*The task:* Give all of the data again exactly as written, omitting every image.

*Dataset content:*
◆ ◆ ◆ ◆ ◆ ◆ ◆

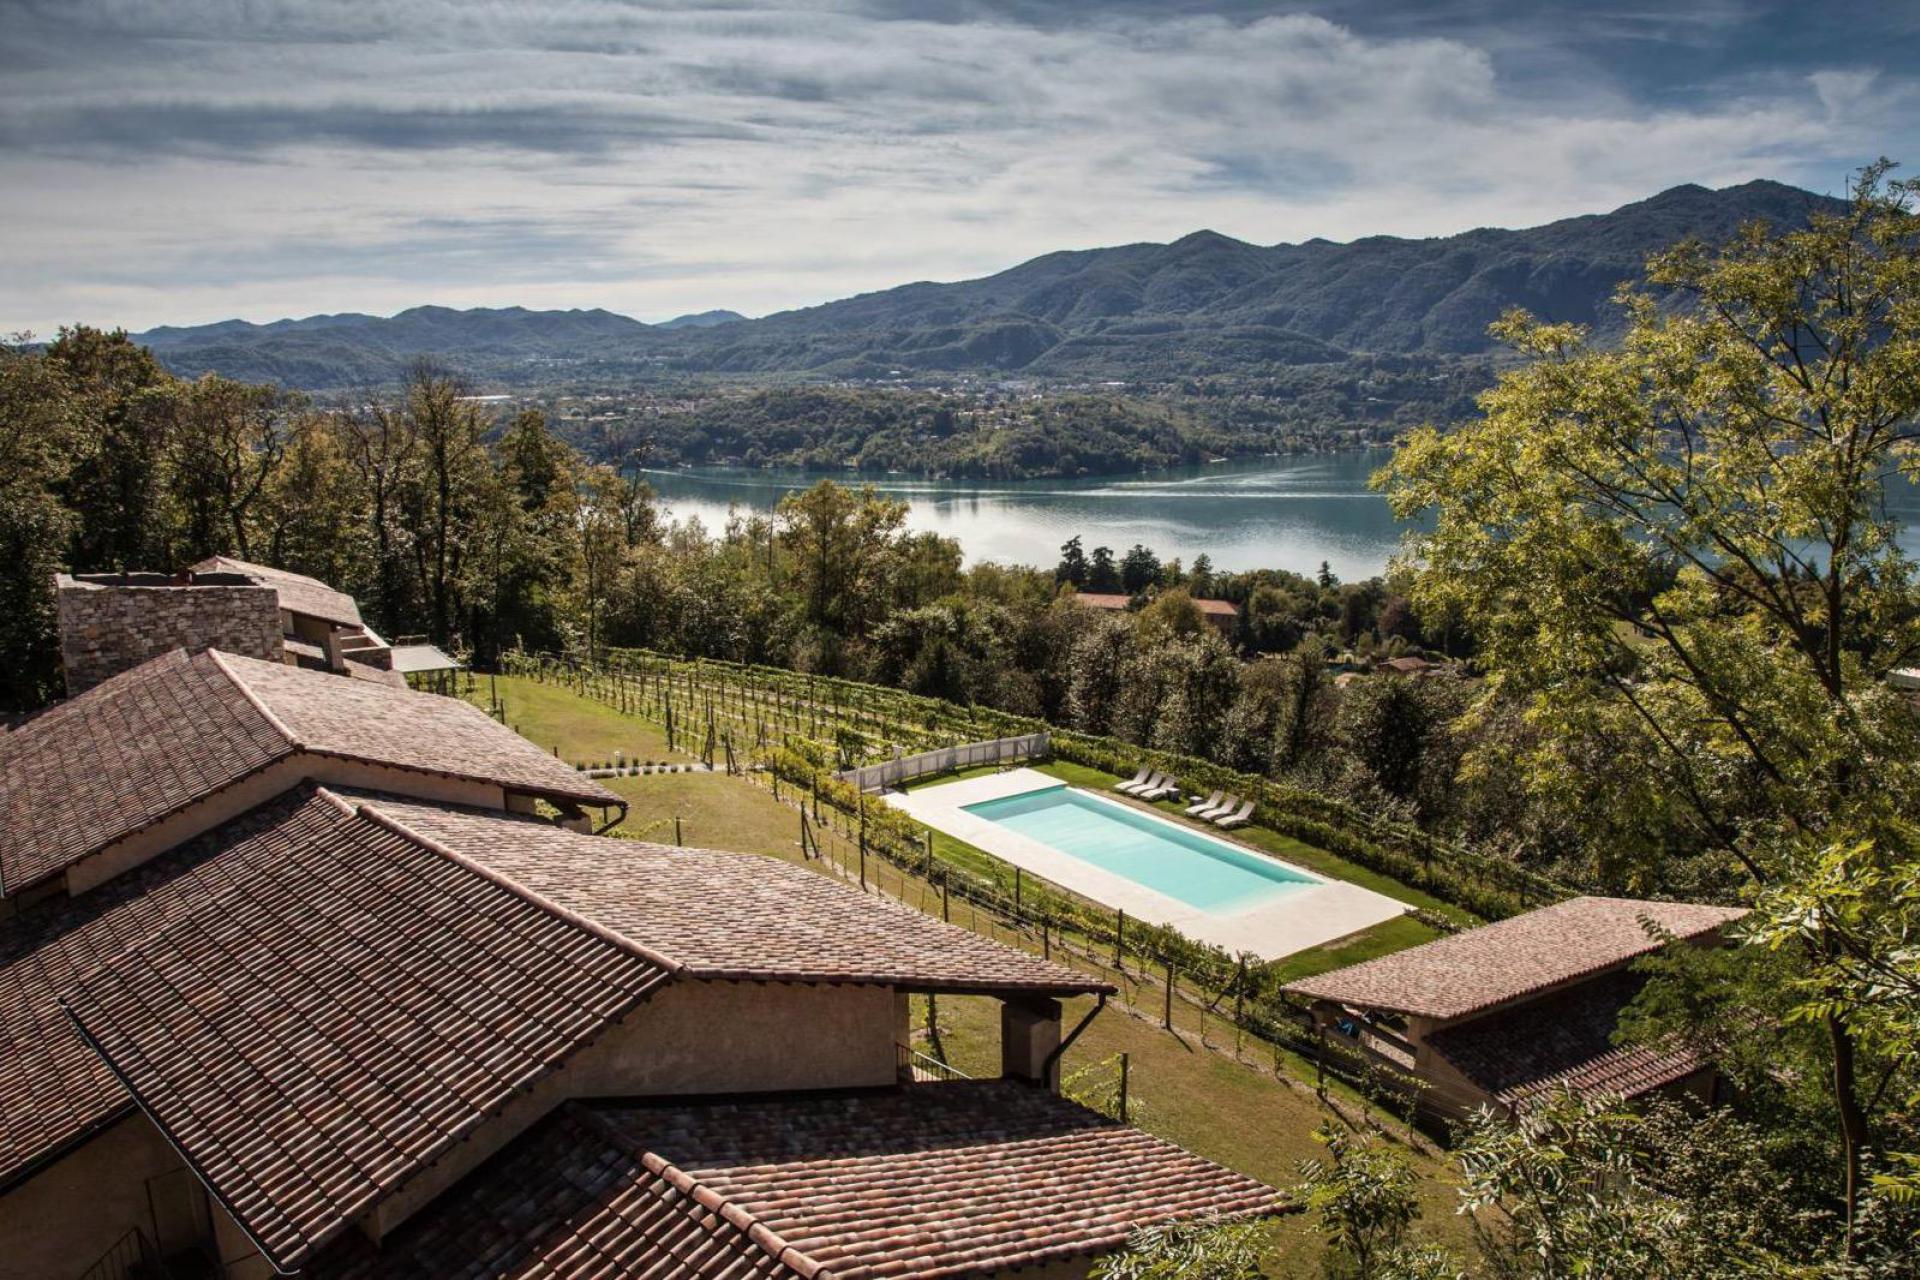 Agriturismo Lake Maggiore with outstanding views
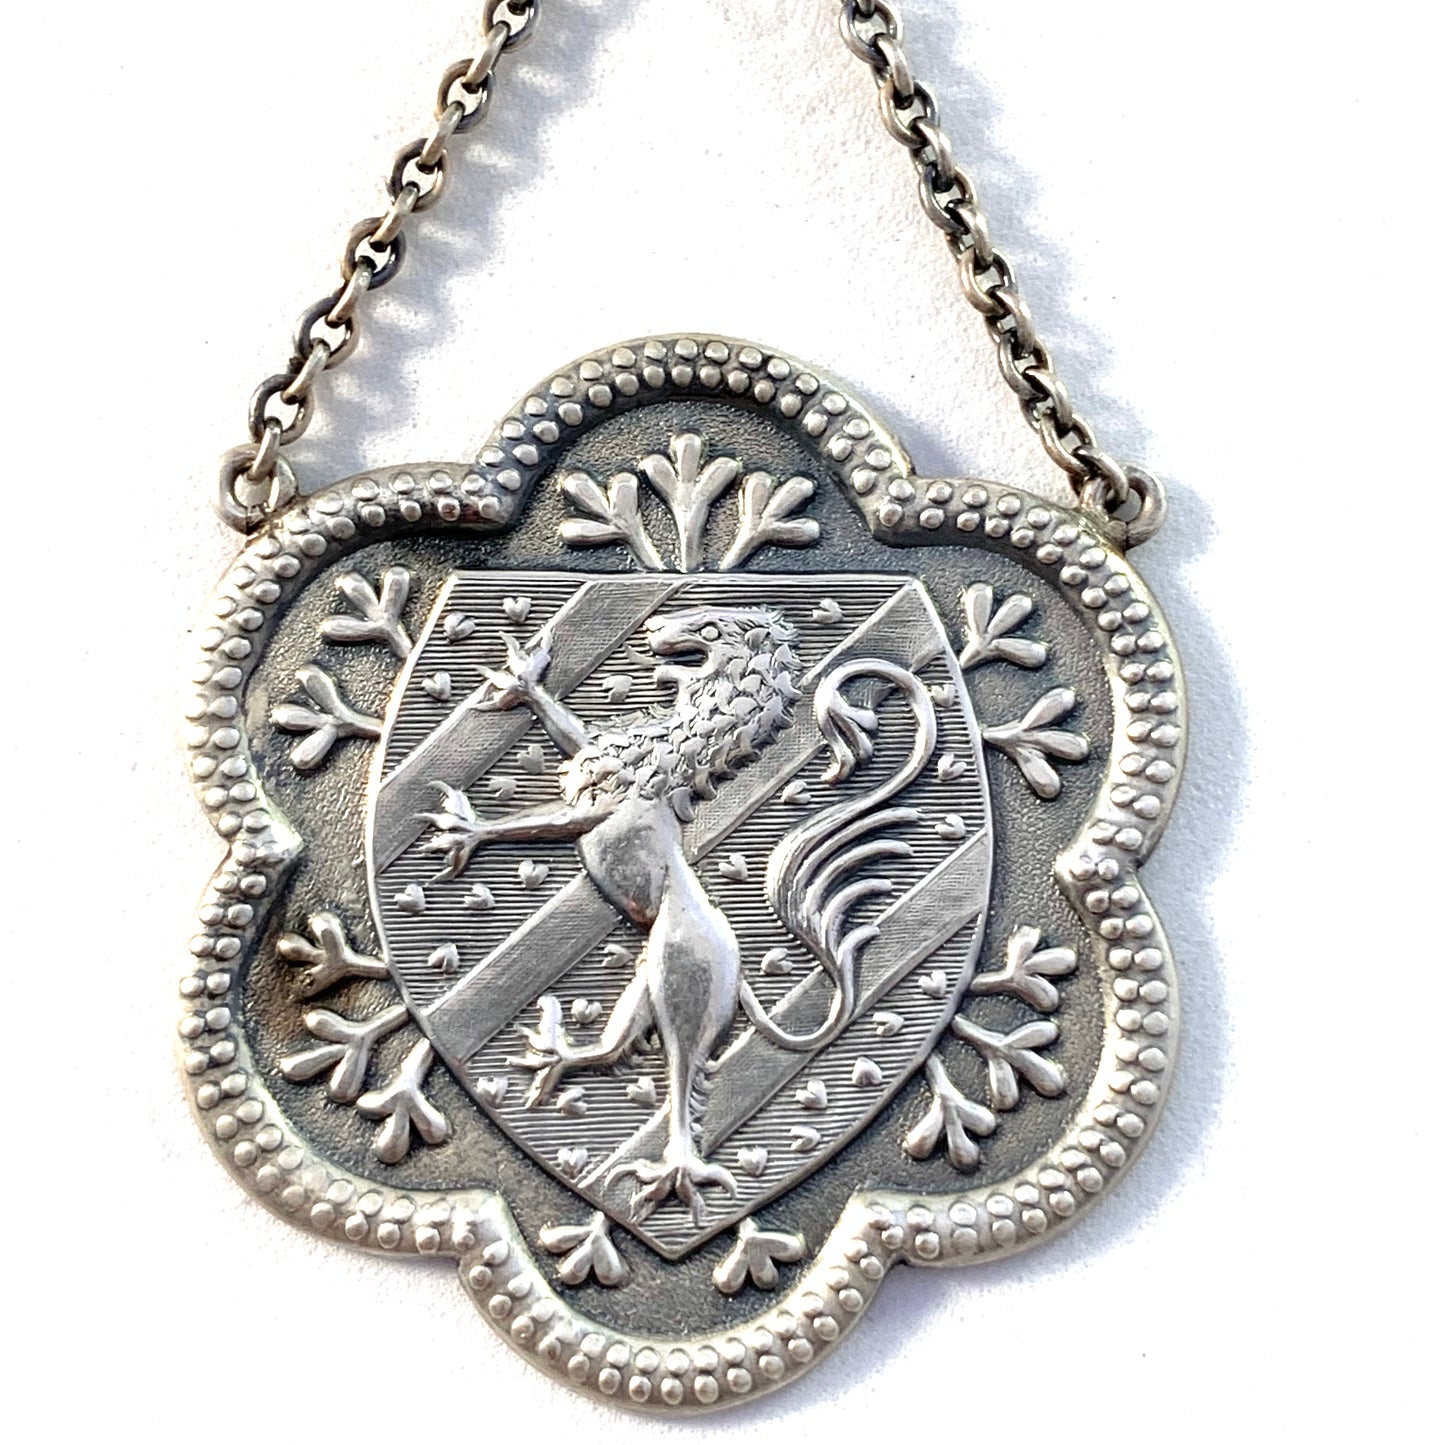 A Rylen, Sweden year 1950 Mid Century Sterling Silver Griffin Pendant Unisex Necklace
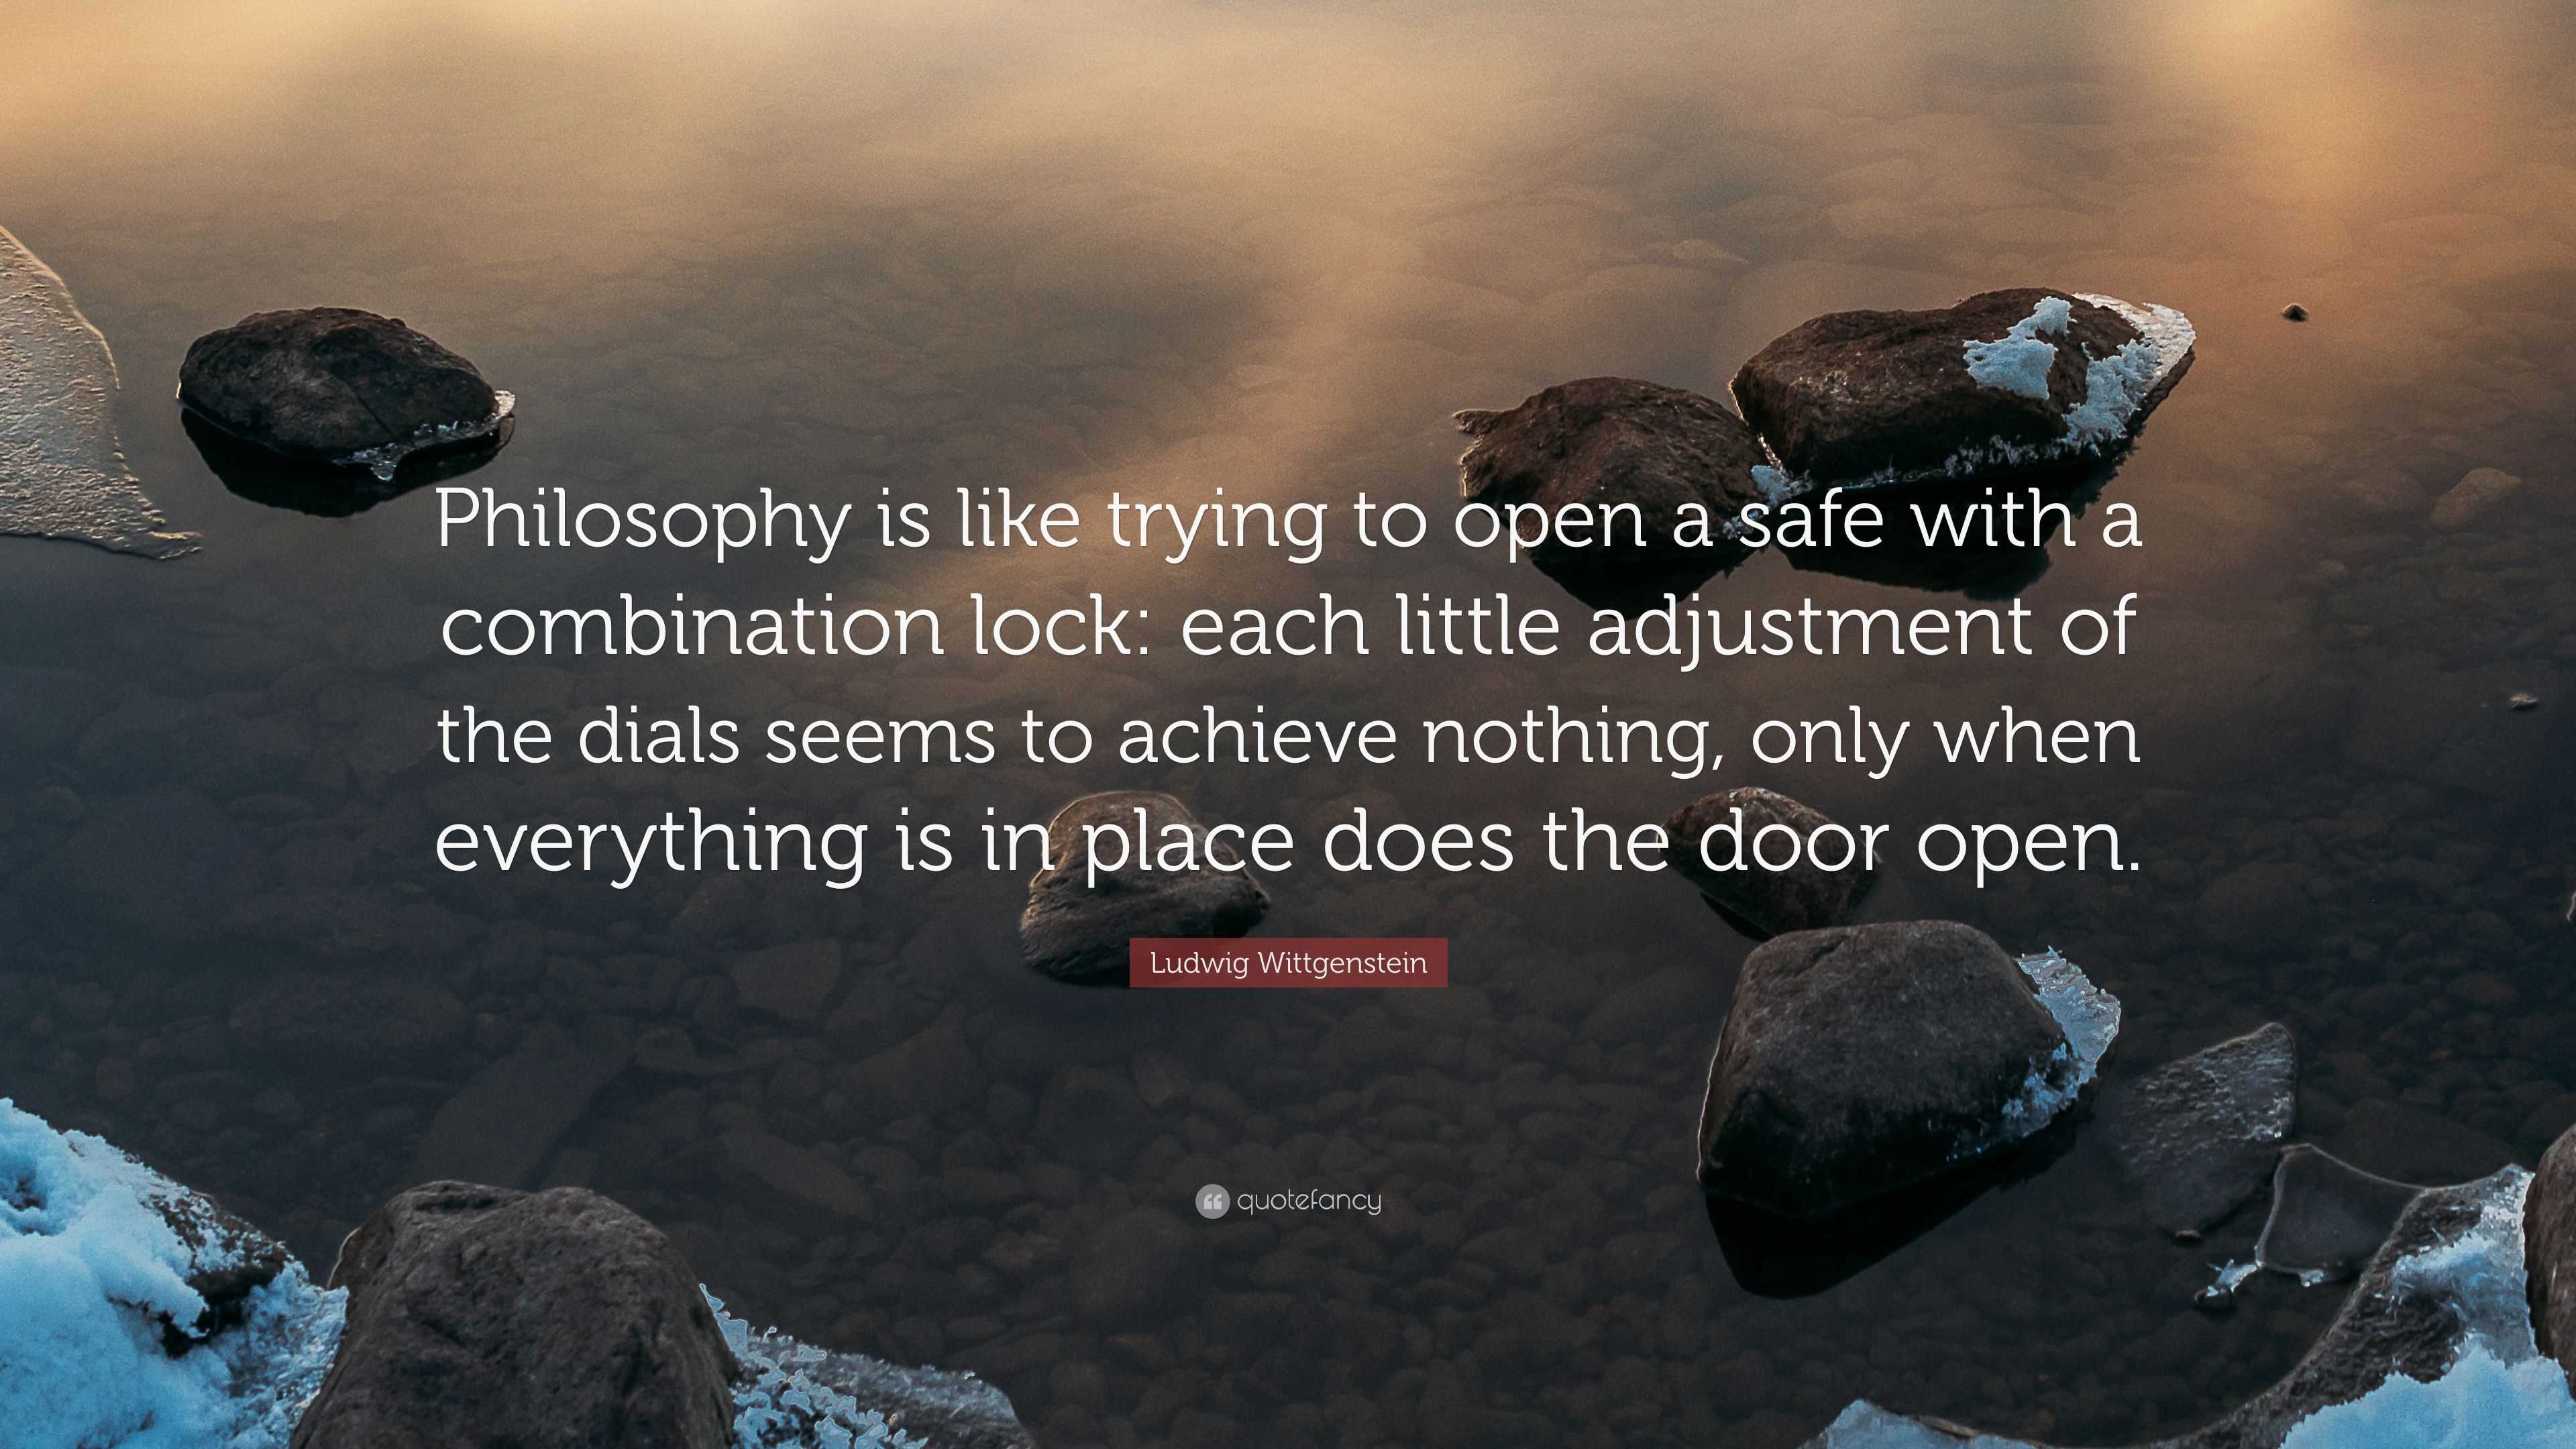 https://quotefancy.com/media/wallpaper/3840x2160/3675276-Ludwig-Wittgenstein-Quote-Philosophy-is-like-trying-to-open-a-safe.jpg

◆ ◆ ◆ ◆ ◆ ◆ ◆

*Completed exercise:*
 Agriturismo Lake Maggiore with outstanding views
 A Rylen, Sweden year 1950 Mid Century Sterling Silver Griffin Pendant Unisex Necklace
 https://quotefancy.com/media/wallpaper/3840x2160/3675276-Ludwig-Wittgenstein-Quote-Philosophy-is-like-trying-to-open-a-safe.jpg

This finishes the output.